BUSH’S TAX HIKES

They’re coming. And they will be much more severe than his father’s. Sure, the president may have managed to forestall them until he is out of office – but he will have made them inevitable by his fiscal profligacy; and he will bear primary responsibility for them. Bruce Bartlett is one of the few conservatives to say this out loud. Money quote:

I now believe that the best we can hope to do is make incremental improvements to the existing tax system and hopefully prevent it from getting worse. Unfortunately, because the current President Bush and the Republican Congress have allowed spending to get totally out of control, I believe that higher taxes are inevitable. In particular, the enactment of a massive new Medicare drug benefit absolutely guarantees that taxes will be sharply raised in the future even if Social Security is successfully reformed.
Too many conservatives delude themselves that all we have to do is cut foreign aid and pork-barrel spending and the budget will be balanced. But unless Republican lawmakers are willing to seriously confront Medicare, they cannot do more than nibble around the edges. With Republicans having recently added massively to that problem, and with a Republican president who won’t veto anything, I have concluded that meaningful spending control is a hopeless cause.
Therefore, we must face the reality that taxes are going to rise a lot in coming years.

I fear he’s right.

FUNDAMENTALISM WATCH: When the FDA advisory committee votes 23 – 4 to allow over-the-counter sales of Plan B, a morning-after contraceptive, it is very, very rare for the FDA to ignore it. But when it comes to science, this administration tends to listen to religious voices as much as scientific ones. David Hager is one of those voices, an unreconstructed fundamentalist who believes that women should submit to men in private and public life. He wrote a memo to the FDA head opposing over-the-counter use and bragged that it had made the difference. I don’t know. But it wouldn’t surprise me.

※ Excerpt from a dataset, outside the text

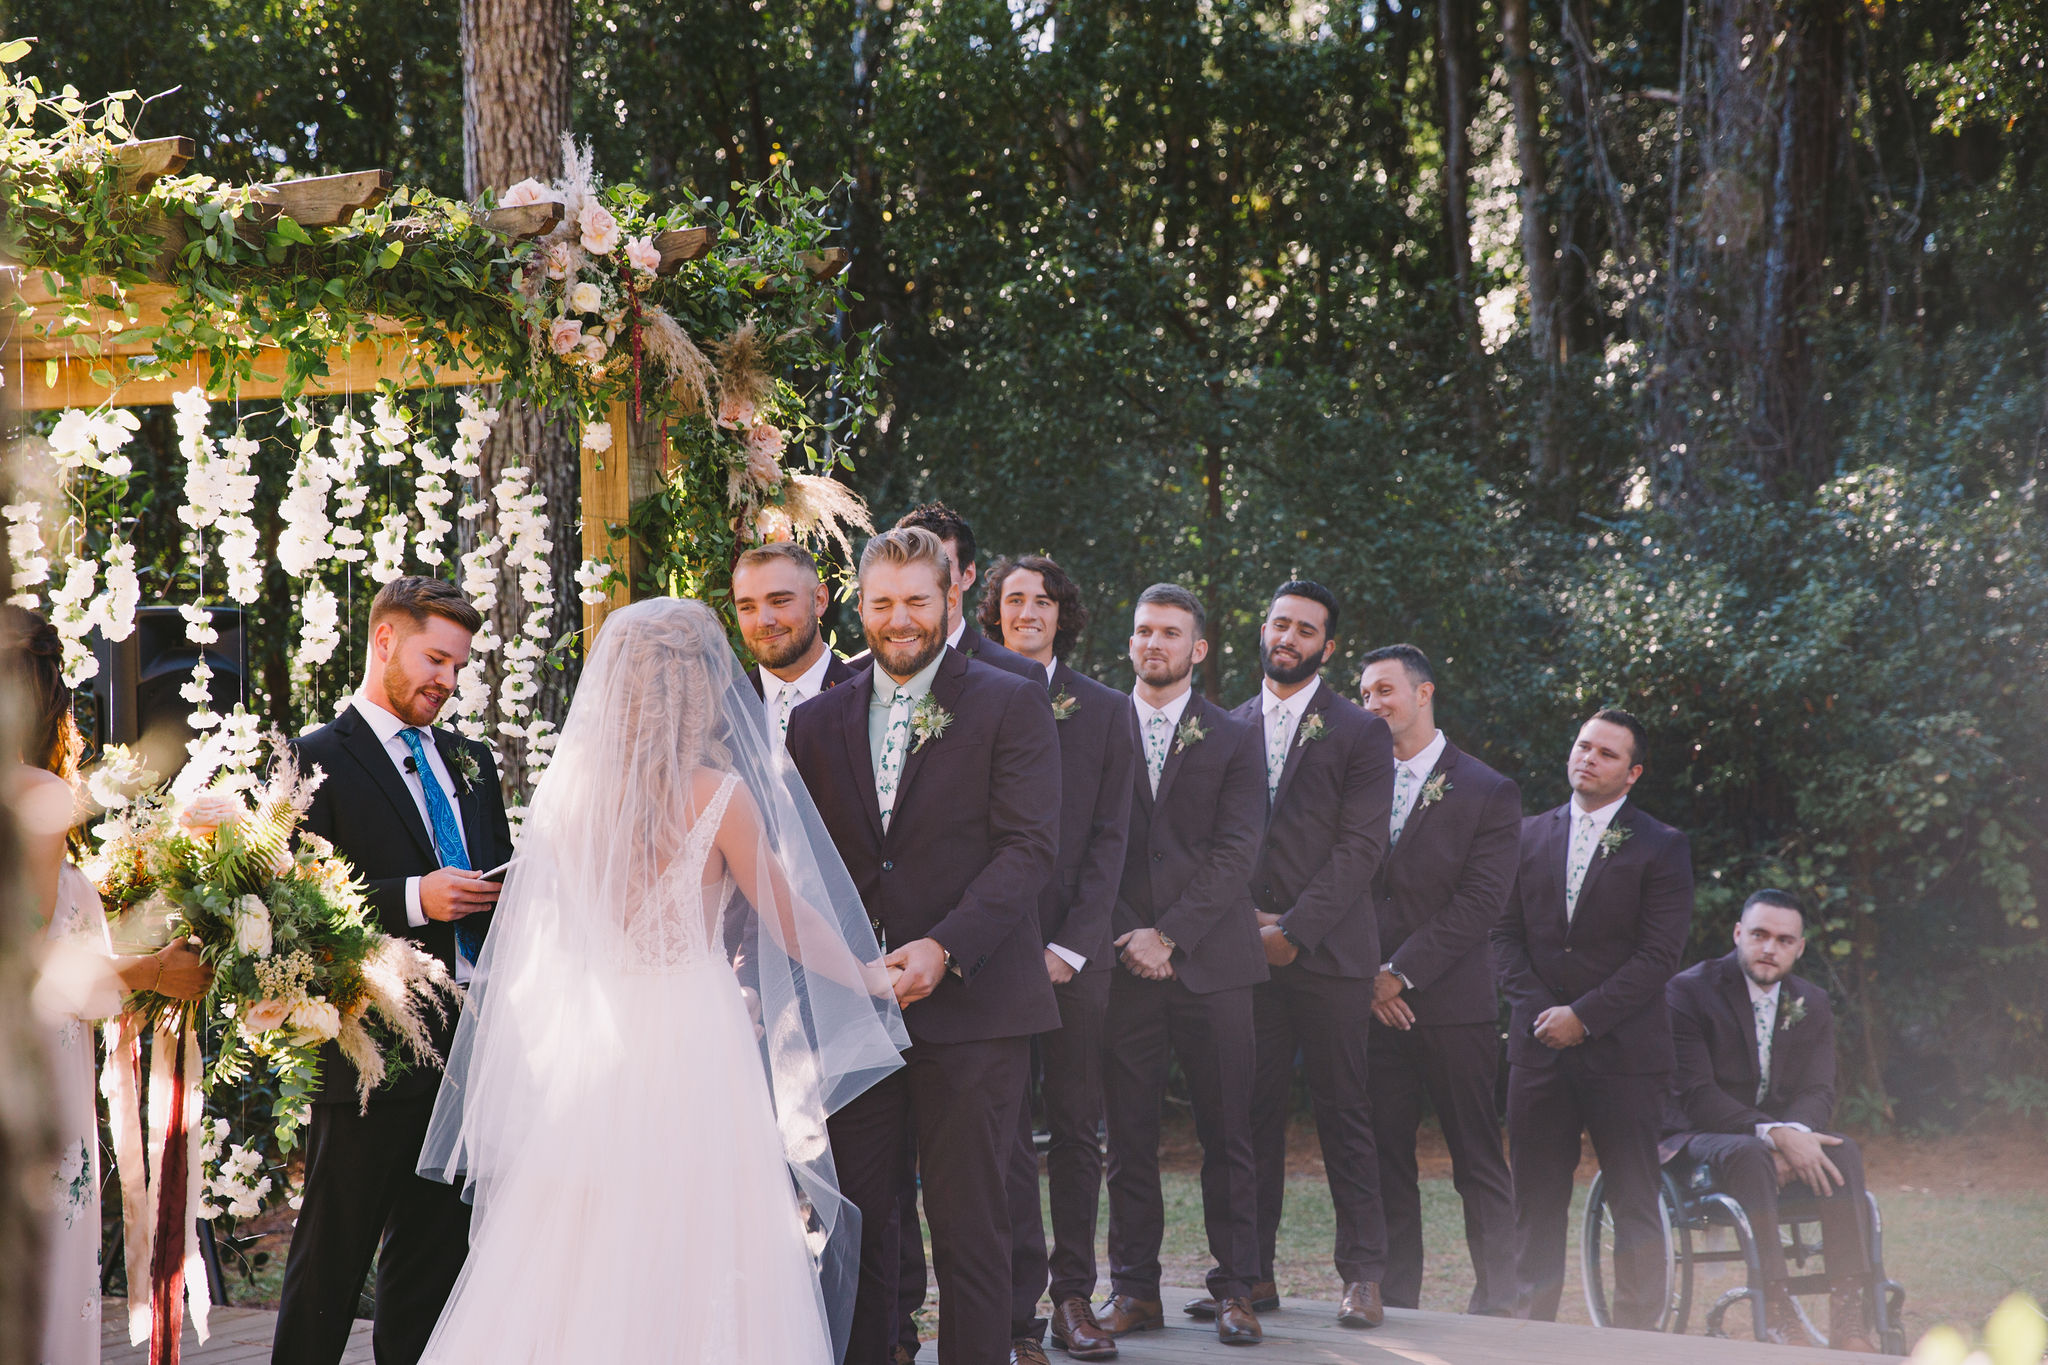 Jesseandlex_181103_AlexisNate_Wedding_Ceremony_140.jpg
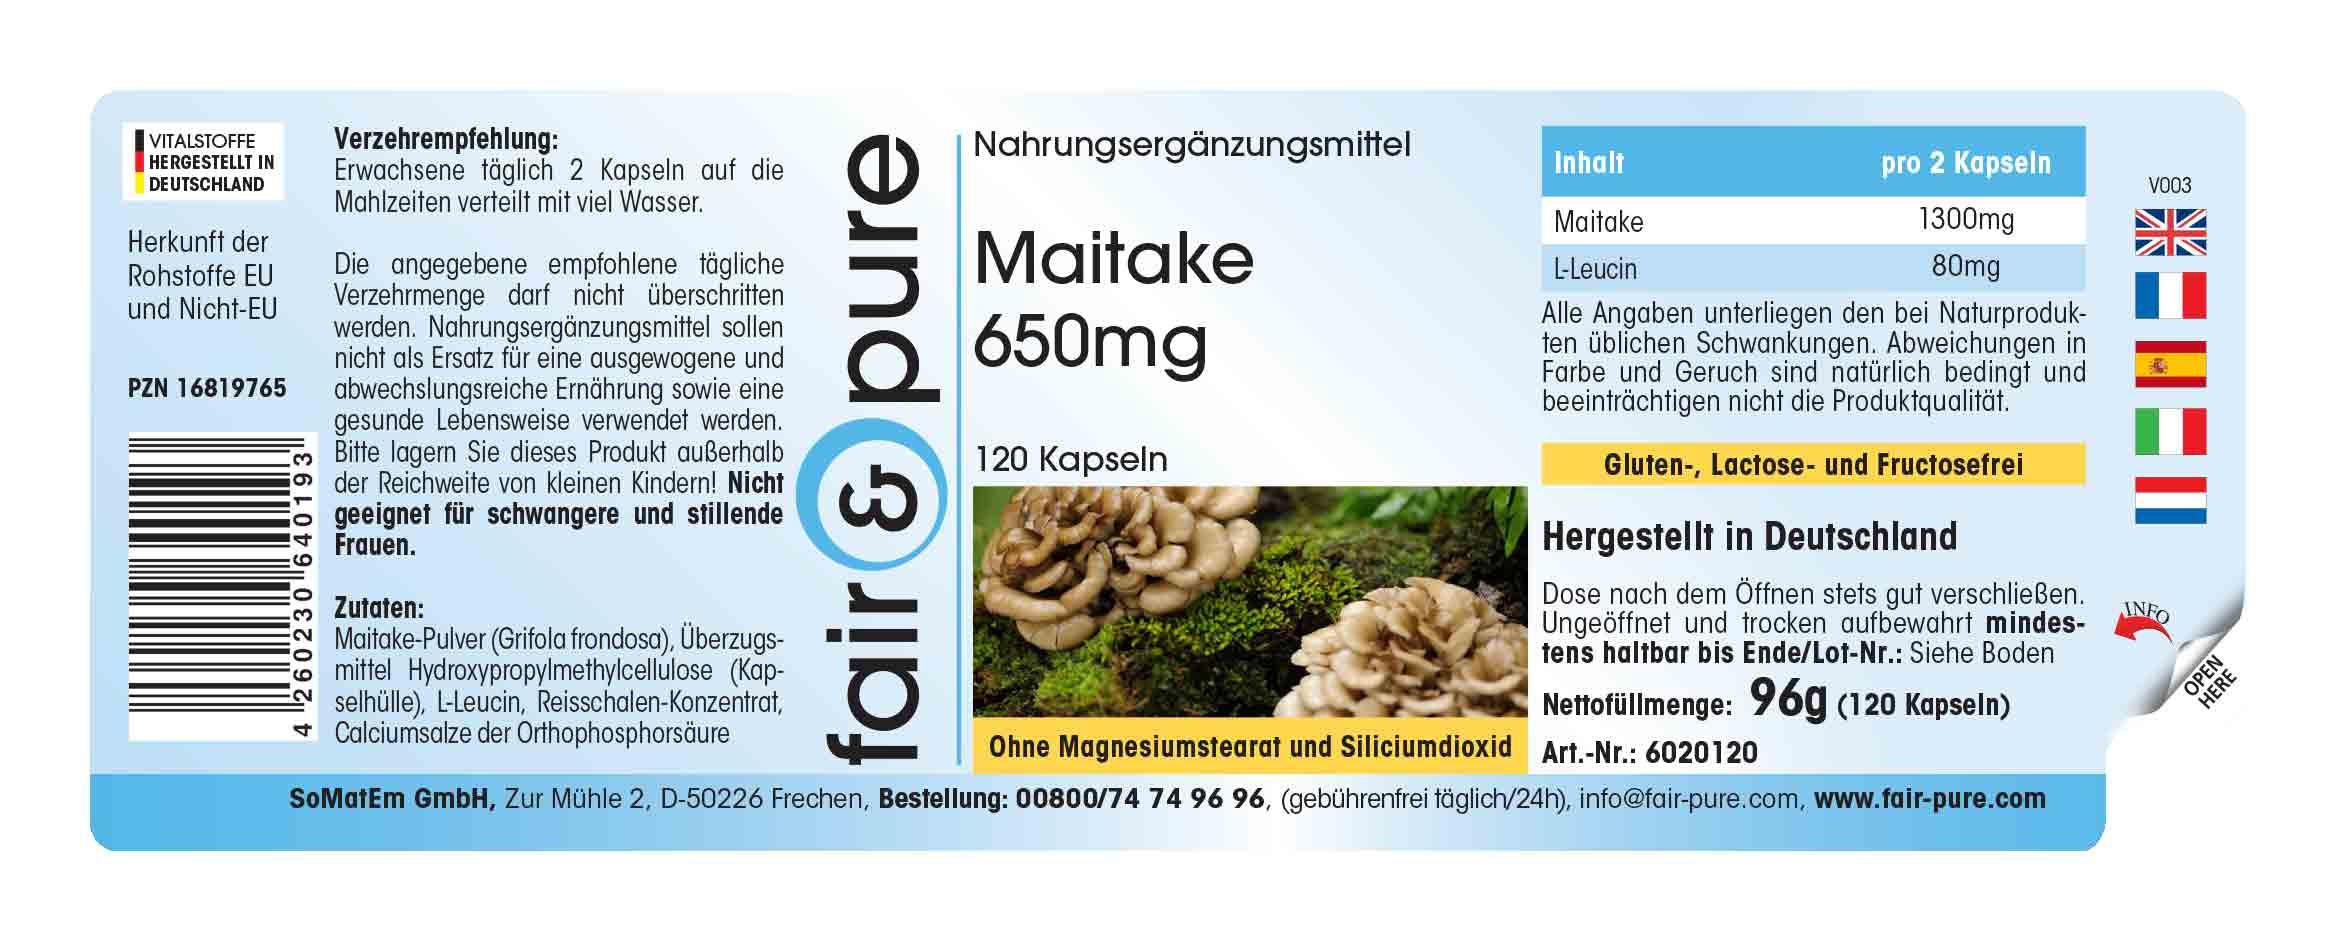 Maitake 650mg - 120 capsules Grifola frondosa, vegan

DOUBTING DOUBT: Ross Douthat adds more nuance to our conversation about doubt, truth and politics. I’m grateful. Nevertheless, I still disagree; and I think our disagreement stems from a slightly different take on what we mean by truth. My worry about fundamentalism in politics is not so much that it posits things as true, but how it does so. A large swathe of fundamentalist conservative politics rests its arguments on simple appeals to Biblical truth, or revelation, or notions of nature that cannot be subjected to skeptical inquiry (i.e. “natural law” that is uninterested in contemporary scientific research and seeks merely to embellish Aquinas with ever subtler forms of ornament). The truth I’m talking about – whose prerequisite is doubt – is an empirical, inferential kind, the kind that arises both from science and human experience and historical reflection; and is always held provisionally. The first kind of ‘truth’ is the kind liberals seek and fundamentalists have found; the second kind of truth is one conservatives are happy to stumble across and hold until a more persuasive account comes along. And in this distinction, I’d argue, lies the real faultline in American politics. Not truth versus relativism; but skepticism versus those claiming to know what heaven is – in order to impose it on earth.